HomeresearchPeopleGeneral InfoSeminarsResources
Parasol Seminar Fall 2009 | Parasol Laboratory Intranet


Parasol Seminar Fall 2009

Friday November 20, 2009. 4:00 pm
Room 302 HRBB


Sketching asynchronous data streams over sliding windows

Bojian Xu.
Department of Computer Science and Engineering, Texas A&M University


Abstract

Many real world data naturally arrive as streams. Examples include network traffic at a router and the sequence of accesses to a large database. These streaming data need to be monitored online for various reasons, such anomaly detection, load balancing and even helping make business decisions. However, due to the large size of such streaming data, conventional data processing methods, such as storing the data in a database and issuing offline SQL queries, are not feasible.

In this talk, I will introduce the data stream processing phenomenon, followed by the proposition of the new {em asynchronous data streams} model, motivated by applications involving network data. I will introduce a sampling technique for sketching the recent data elements over asynchronous data streams. This small space sketch can return provably error-bounded estimates for two basic aggregates over the relevant stream elements: sum and median.
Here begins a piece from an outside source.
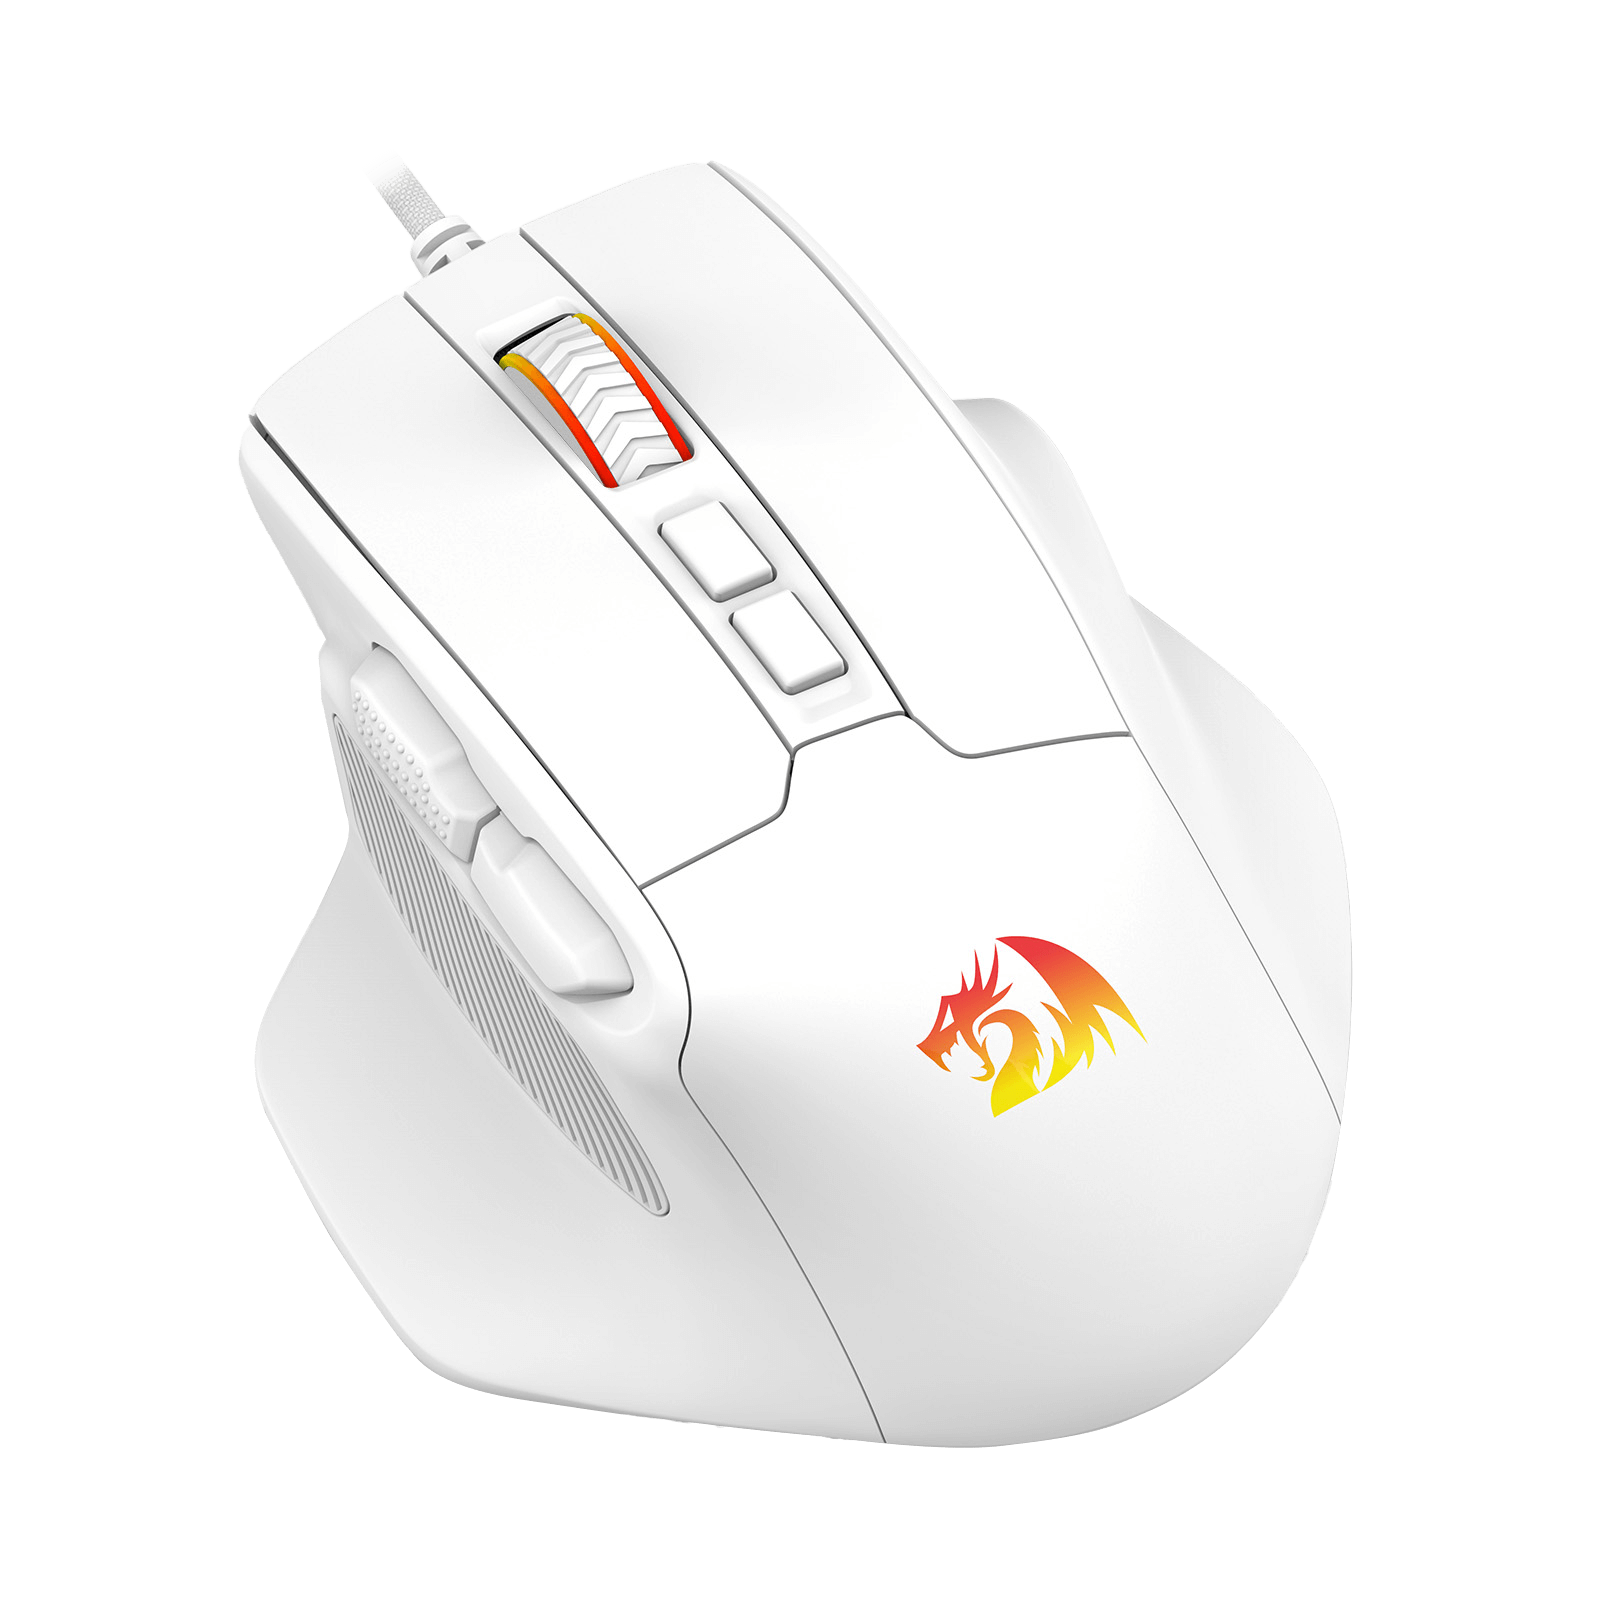 Redragon M806 Bullseye white Gaming Mouse

I will conclude the talk by a quick overview of the followup works on more generalized time-decayed asynchronous data stream processing, as well as related open problems.


Biography

Bojian Xu received his B.E. in Computer Science and Engineering from Zhejiang University, China in 2000. He worked for China Mobile Communications Corporation from 2000 to 2004. After spending the Fall 2004 semester as a master student in the Computer Science Department of the University of Alabama, he joined the department of Electrical and Computer Engineering of Iowa State University, where he will be graduating with a Ph.D. in Computer Engineering in December 2009. He is currently a Senior Research Associate in the department of Computer Science and Engineering at Texas A&M University, working with Professor Jeffrey Scott Vitter. His research interests are in developing algorithms and systems for managing large data sets. He has been working on managing distributed massive streaming data with the presence of memory and energy constraints, and is now more focused on compressed data structures for indexing massive data sets.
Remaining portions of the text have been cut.